С целью понять производство, в рамках рекомендованных писателям поездок на заводы и фабрики, Бабель в 1930 г. едет в Днепропетровск и на Днепрострой, а в 1933 г. — в Горловку; Иванов посещает Макеевский завод в Донбассе; оба писателя ставят в произведениях реальные проблемы социалистического строительства, но показывают участвующих в нем людей не так, как требовали идеологи времени.
Писателей-попутчиков (Л. Леонова, Б. Пильняка и др.) в начале 1930-х гг. литературные вожди обвиняли в непонимании своей героической эпохи: у них на первом плане находится не социалистическое строительство, а раздумывающие герои-интеллигенты, новый человек обладает не «социальными функциями», а «инстинктами “вообще”», то есть «инстинктами буржуазного собственника» (Е. Усиевич), под которыми тогда понимались живая жизнь, «тайное тайных» души человека.
Так, героиня «Нефти», современная женщина-инженер, не только хочет учиться в Промакадемии, руководит делами Нефтесиндиката, но и испытывает «непролетарское» чувство сострадания к интеллигенту, профессору Клоссовскому (прототипом героя, как указывает Е.И. Погорельская, являлся инженер Л.И. Слоним, работавший в нефтяной промышленности), к «женщине ХIХ столетия» Зинаиде, боящейся оставить незаконного ребенка.
Иванов, показывая в редакции романа «У» («Багровый закат») новых людей, строителей, пришедших на встречу с приехавшими на завод писателями, передает их подлинные рассказы о работе на Турксибе, в которых звучат пессимизм, тоска, неуверенность в возможности новой жизни.
Глубина содержания и психологизм в изображении человека в произведениях «попутчиков» Бабеля и Иванова, написанных на производственные темы, стали залогом того, что эти тексты не утратили со временем своей художественной ценности.
Сведения об авторе: Папкова Елена Алексеевна — д.ф.н., с.н.с.
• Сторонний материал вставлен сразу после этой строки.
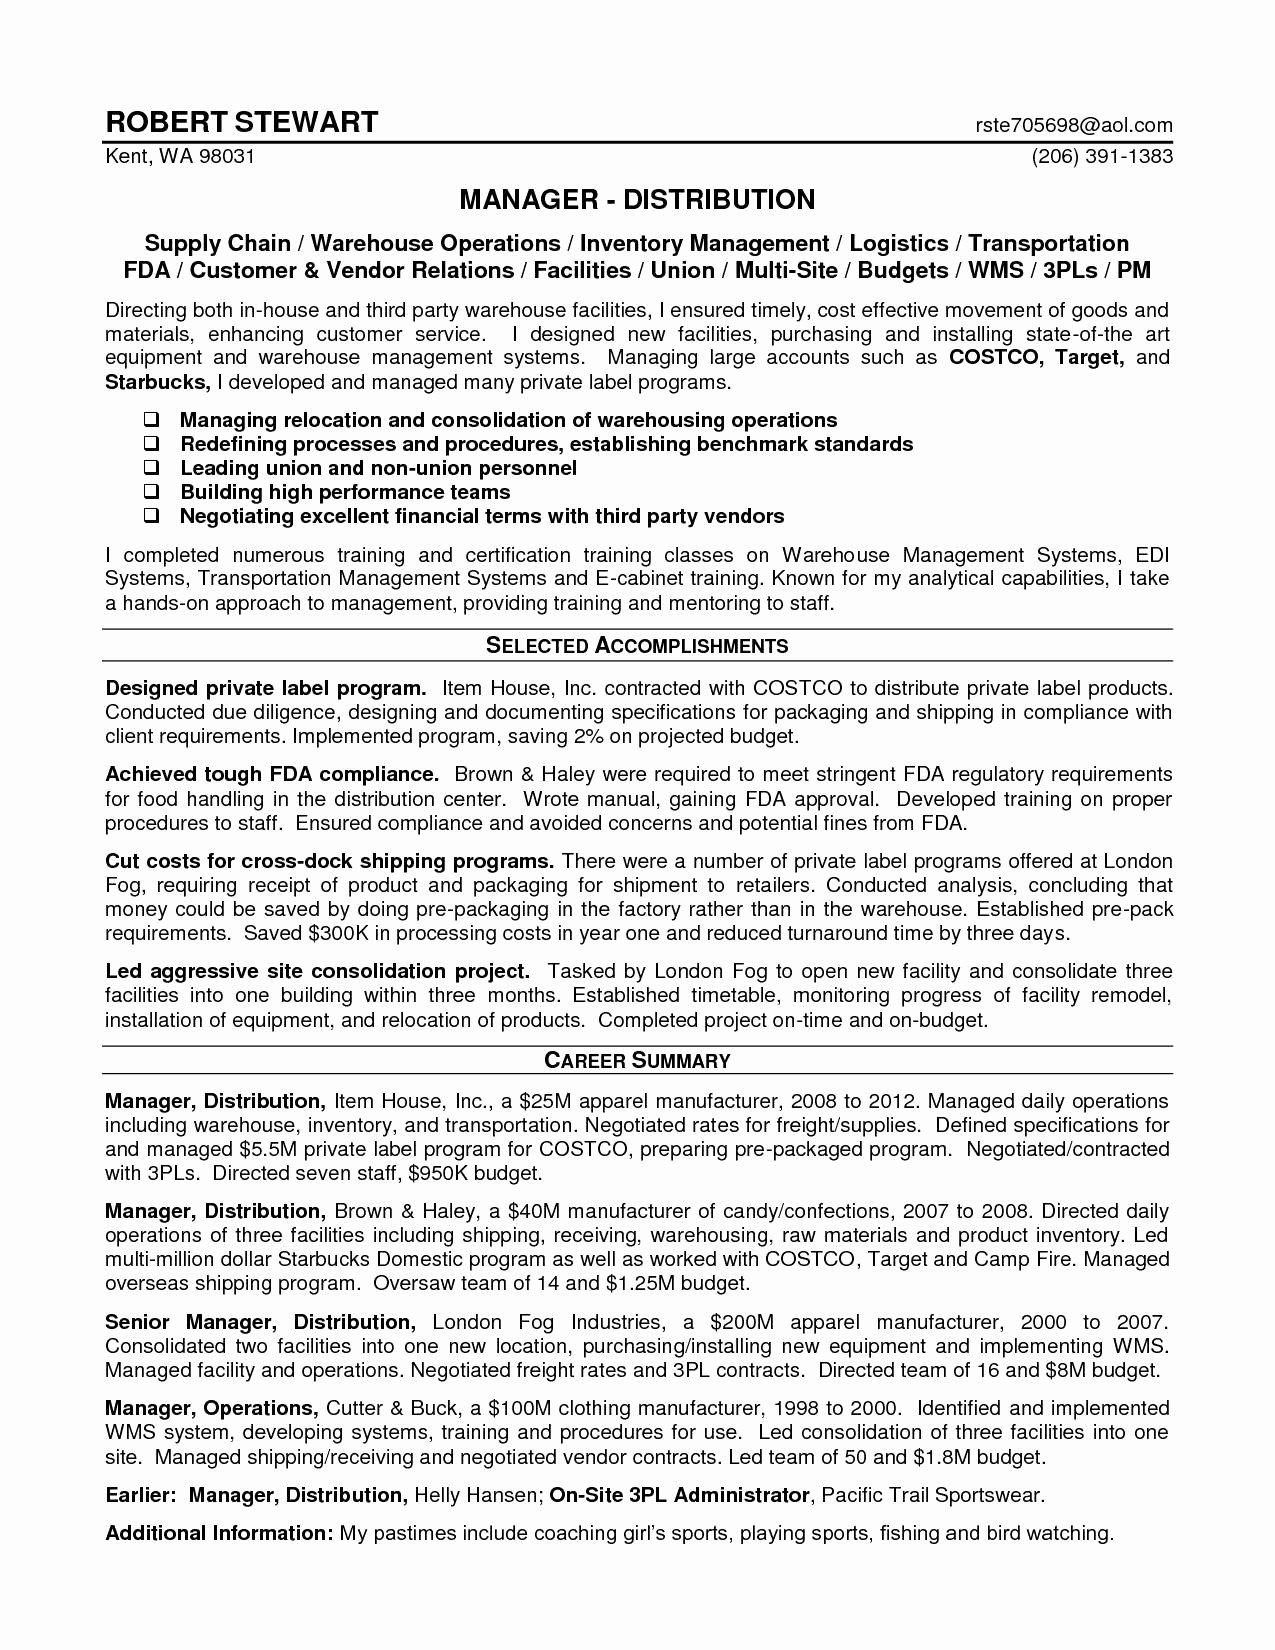 Logistics Coordinator Job Description Sarahepps

Отдела новейшей русской литературы и литературы русского зарубежья ИМЛИ РАН; e-mail: elena.iv@bk.ru
Е.И. Погорельская
(Москва, ИМЛИ РАН)
О ПОДГОТОВКЕ НАУЧНОГО СОБРАНИЯ СОЧИНЕНИЙ И.Э. БАБЕЛЯ И НОВОМ КОММЕНТАРИИ К ПРОИЗВЕДЕНИЯМ ПИСАТЕЛЯ
В научное Собрание сочинений Исаака Бабеля, подготовка которого ведется в ИМЛИ РАН, войдут все выявленные к настоящему времени художественные, публицистические и эпистолярные тексты писателя, а также дневник 1920 года. Оно будет состоять из пяти томов и строиться по традиционному для подобного рода изданий жанрово-хронологическому принципу.
Первый том составит книга «Конармия» и подготовительные материалы к ней. Во втором томе вначале идут «Одесские рассказы» и далее по хронологии все рассказы 1913–1938 годов. Сюда же включены четыре перевода Бабеля — с французского и с идиша. Небольшим объемом наследия писателя продиктован смешанный жанровый состав третьего тома: пьесы; киносценарии; очерки, статьи, выступления. Содержание четвертого и пятого томов составляет эпистолярное наследие писателя; в четвертом томе представлены письма 1918–1929 гг., в пятом публикуются письма 1930–1940 гг.
Хотя наследие Бабеля в научном собрании сочинений будет представлено в максимальном объеме, мы не можем считать или называть его полным, так как основной архив писателя, содержавший рукописи подготовленных к печати и неоконченных произведений, записные книжки, письма, был конфискован во время обыска 15 мая 1939 г. и до сих пор не обнаружен.
Значительная часть рассказов Бабеля посвящена реальным историческим или автобиографическим событиям, их действие происходит в конкретных местах — Одессе, Николаеве, городах и местечках Волыни и Галиции, Петрограде, Париже, Тифлисе, Москве; иногда называются конкретные улицы и дома. В то же время Бабель нередко искажает историческую реальность, совершает пространственные и временные перестановки, решая, как правило, определенные художественные задачи. Искажения событий, смещение дат и топографии комментируются самым тщательным образом. К реальному комментарию привлекаются документы из архивов Москвы, Петербурга, Киева, Одессы, Николаева, работы российских и зарубежных исследователей.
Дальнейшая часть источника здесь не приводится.